Trained to keep FIFO mine workers safe
From drug and alcohol abuse to fatigue-related injuries, from mental health concerns to STIs, the issues reported as affecting fly-in, fly-out (FIFO) and drive-in, drive-out (DIDO) workers in the resources industries are numerous and complex.
While the perks of a high-paying job have lured in workers from the cities, the realities of life on the ground in remote areas have proven to be extremely challenging for some employees.
The House of Representatives’ Standing Committee on Regional Australia released a report in 2013 after looking into the use of FIFO and DIDO workforce practices in regional Australia. Throughout the inquiry, the committee heard frequent claims about the health impacts of FIFO work, many found to be directly linked to the social isolation of the FIFO experience.
The committee found that a common concern for FIFO workers was an excessive consumption of alcohol and other substances. This has prompted many mine sites to implement drug and alcohol testing programs to ensure the safety of the site is maintained.
Case study: Training for in-house drug and alcohol testing procedures
Located at a remote site in the Northern Territory, OM (Manganese) Ltd has recently made improvements to its in-house drug and alcohol testing regime for FIFO workers returning from their leave breaks. In order to ensure all its staff were adequately and consistently trained in the correct drug and alcohol testing in-house procedures and that an unimpeachable chain of custody process was maintained, OM (Manganese) Health, Safety, Environment and Community Manager Paul McHugh called on the expertise of Adept Training.
McHugh points out that while it is a concern that personnel might return to site under the influence, this was an unusual occurrence. He said the rationale for completing the course was to ensure that proper procedures were employed with respect to collecting and sending samples away for confirmatory testing, so that any disciplianary action for non-negative results would be fair.
Adept Training Business Manager Ros Christopoulos has worked in the area of drug and alcohol testing over many years, both as a healthcare worker and an on-site tester. She was able to travel to the site to provide the training requirements requested by McHugh. This not only provided a clear cost saving in terms of travel expenses for the mine site, it also allowed the training to be customised and conducted in a real environment.
During the training, Christopoulos was able to address all the issues associated with implementing an in-house drug and alcohol testing procedure for FIFO workers. “The mine staff are working in a roster situation where they fly in for a number of weeks at a time and then travel back home for a week or two, depending on the roster they are working,” said Christopoulos.
“The mine site needed to be able to test all workers returning to site before they entered the site in order to meet its duty of care for safety on the site.

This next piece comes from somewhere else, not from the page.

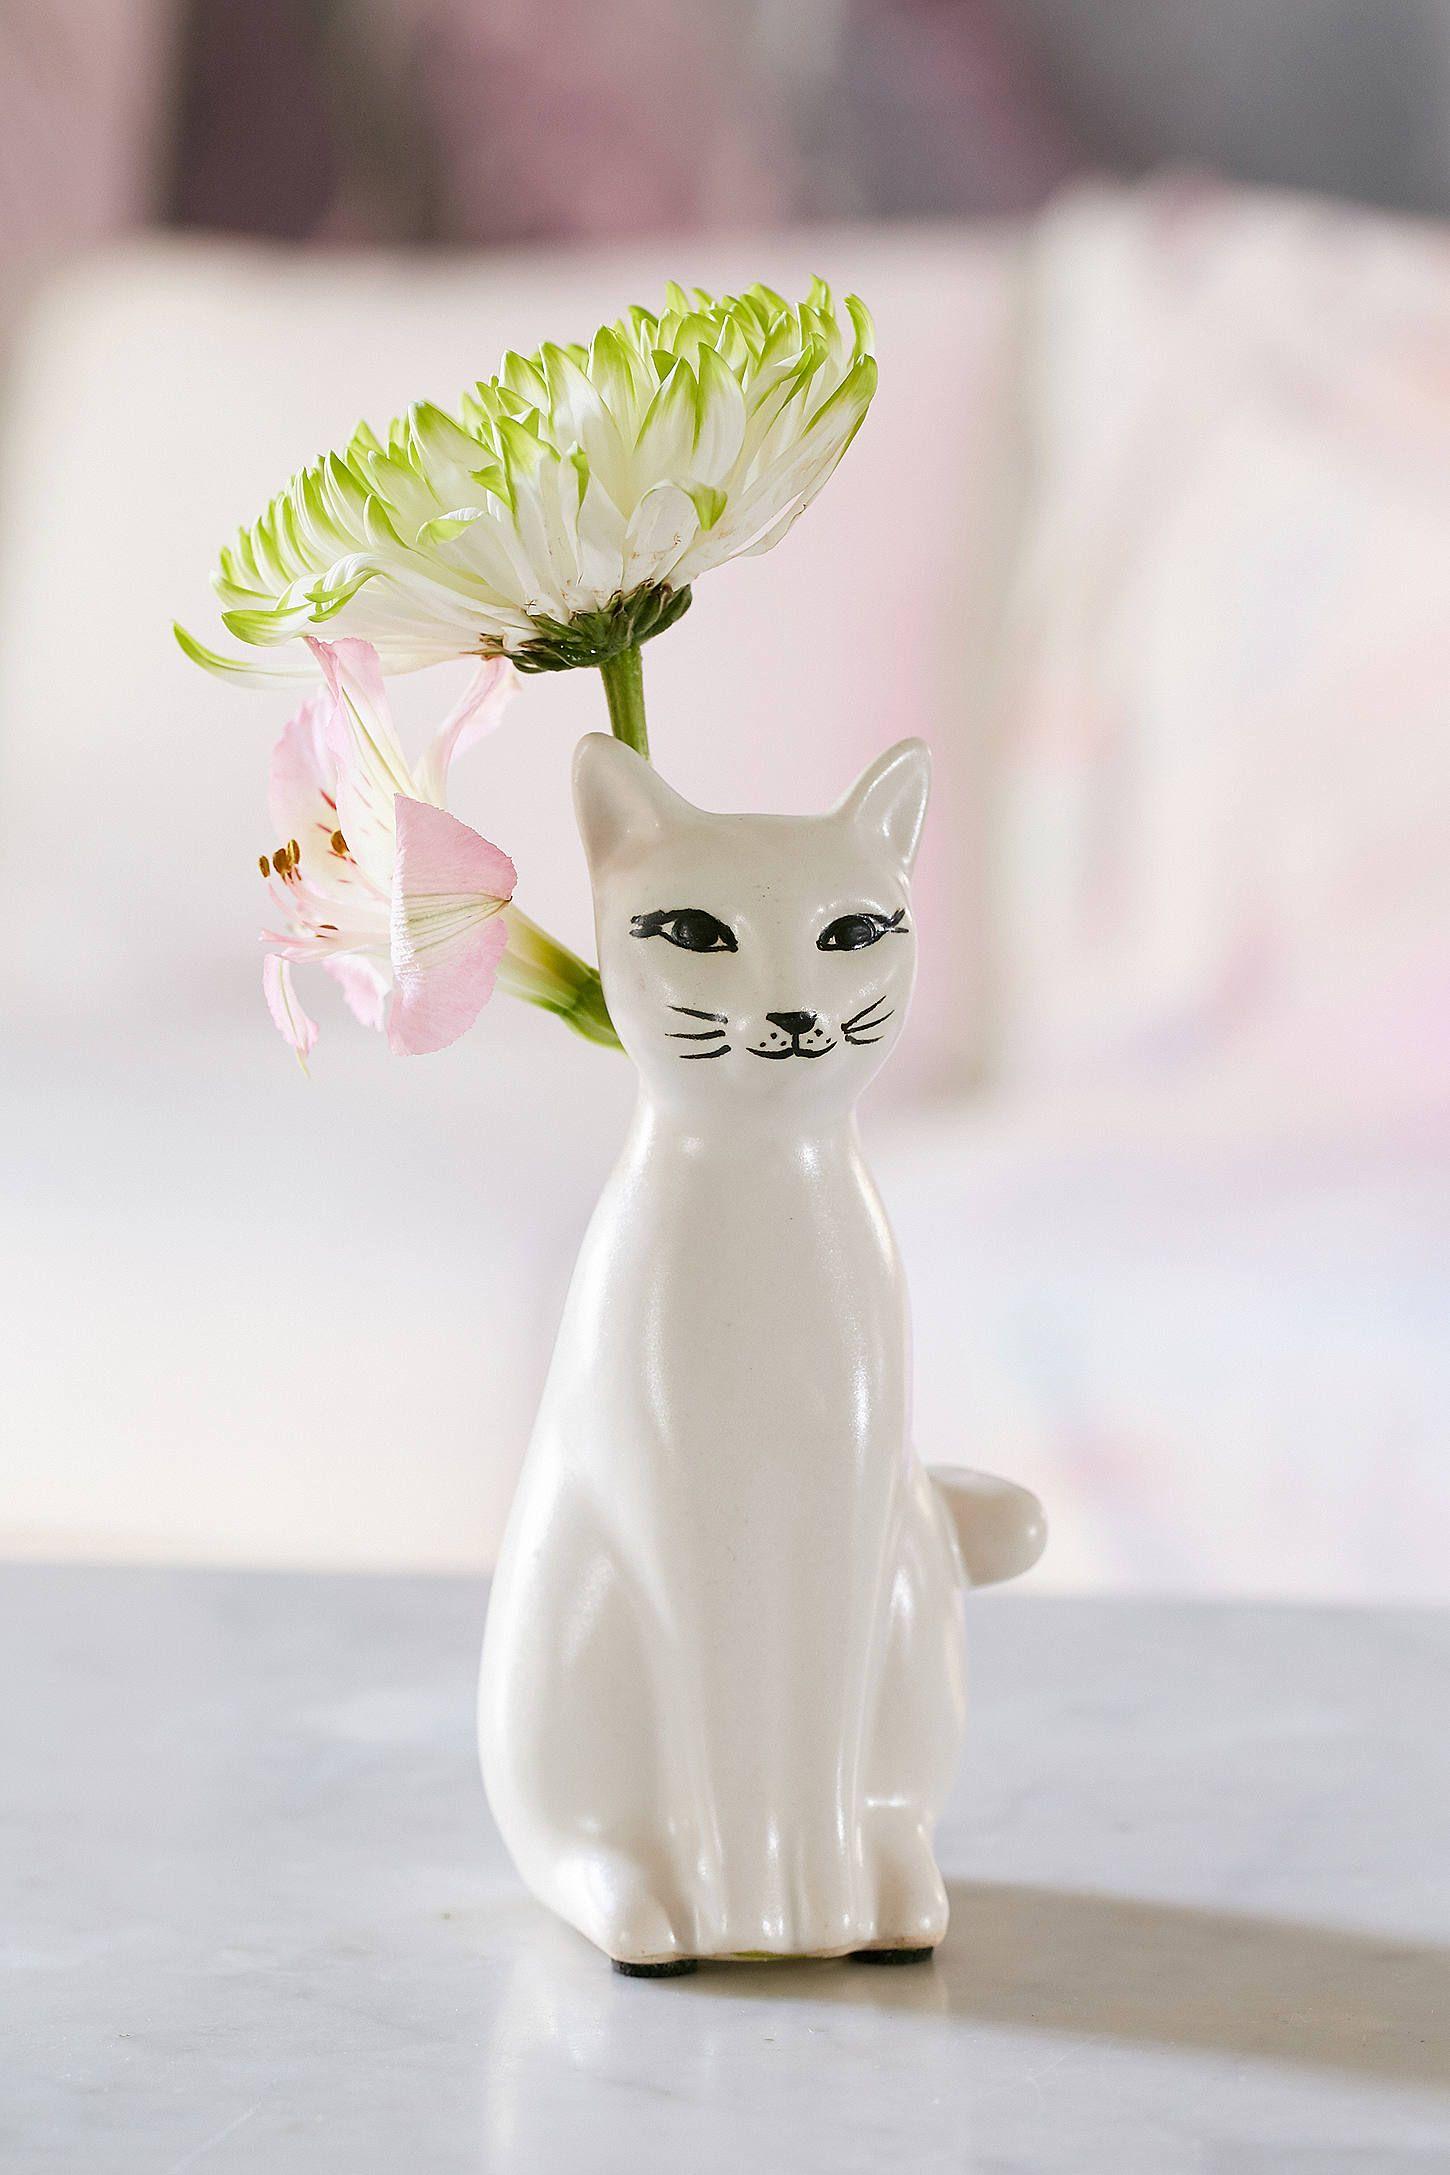 Slide View: 1: Vase im Kätzchendesign

We were able to set up a solution for the mine site and train the staff to ensure the breath testing being conducted as employees arrive back on site was being carried out in a confidential and private environment.”
McHugh said: “We undertook the training to ensure we had a good understanding of the correct sample collection methodology with respect to maintaining privacy, relevant Australian Standards and correct chain of custody of samples dispatched for laboratory analysis.”
The course provided by Adept Training has been developed in consultation with industry and meets the criteria of the Australian Standards for urinary drug screening and oral drug screening. A nationally accredited unit of competency has been customised to ensure the participant meets the standards for an ‘accredited collector’. This course is contextualised for the collection of non-blood specimens including saliva, urine and breathalyser to the Australian Standards.
It was important to provide the whole team with the competencies to carry out the testing within the Australian standards, as this is a requirement for conducting on-site testing, said Christopoulos.
“By having in-house testing, the site can ensure employees are tested when they fly back in to start their next roster,” she said.
Christopoulos conducted a half-day course for the team at the site, which was designed to train them to the Australian Standard AS/NZS4308:2008 for the collection of urine or AS/NZS4760-2006 for the collection of oral fluids or alcohol breathalyser.
“The training also provided the correct methodology for collecting a breath specimen for BAC testing, which was also useful to correct some aspects of our procedure,” said McHugh.
McHugh said the procedure in place prior to the training required the donor of any non-negative results, determined using one of the sample collection cups, being removed from site. The donor was then required to provide a sample in person at an off-site location where follow-up confirmatory testing could be conducted.
“Ensuring that we were able to collect samples in accordance with Australian Standards and maintain chain-of-custody paperwork has meant that we are able to review our procedure to include provision for an employee or contractor to remain on-site while the sample is dispatched for confirmatory testing,” said McHugh.
“This has resulted in significant cost savings - not only in terms of the cost of sample collection by a third party, but also in the cost of transporting that person off-site, potential accommodation costs and loss of time on the job.
“The workforce is very receptive to the testing in general and the changes in procedure have meant less downtime for any personnel providing a non-negative sample as a result of declared medication or sample-cup error,” concluded HcHugh.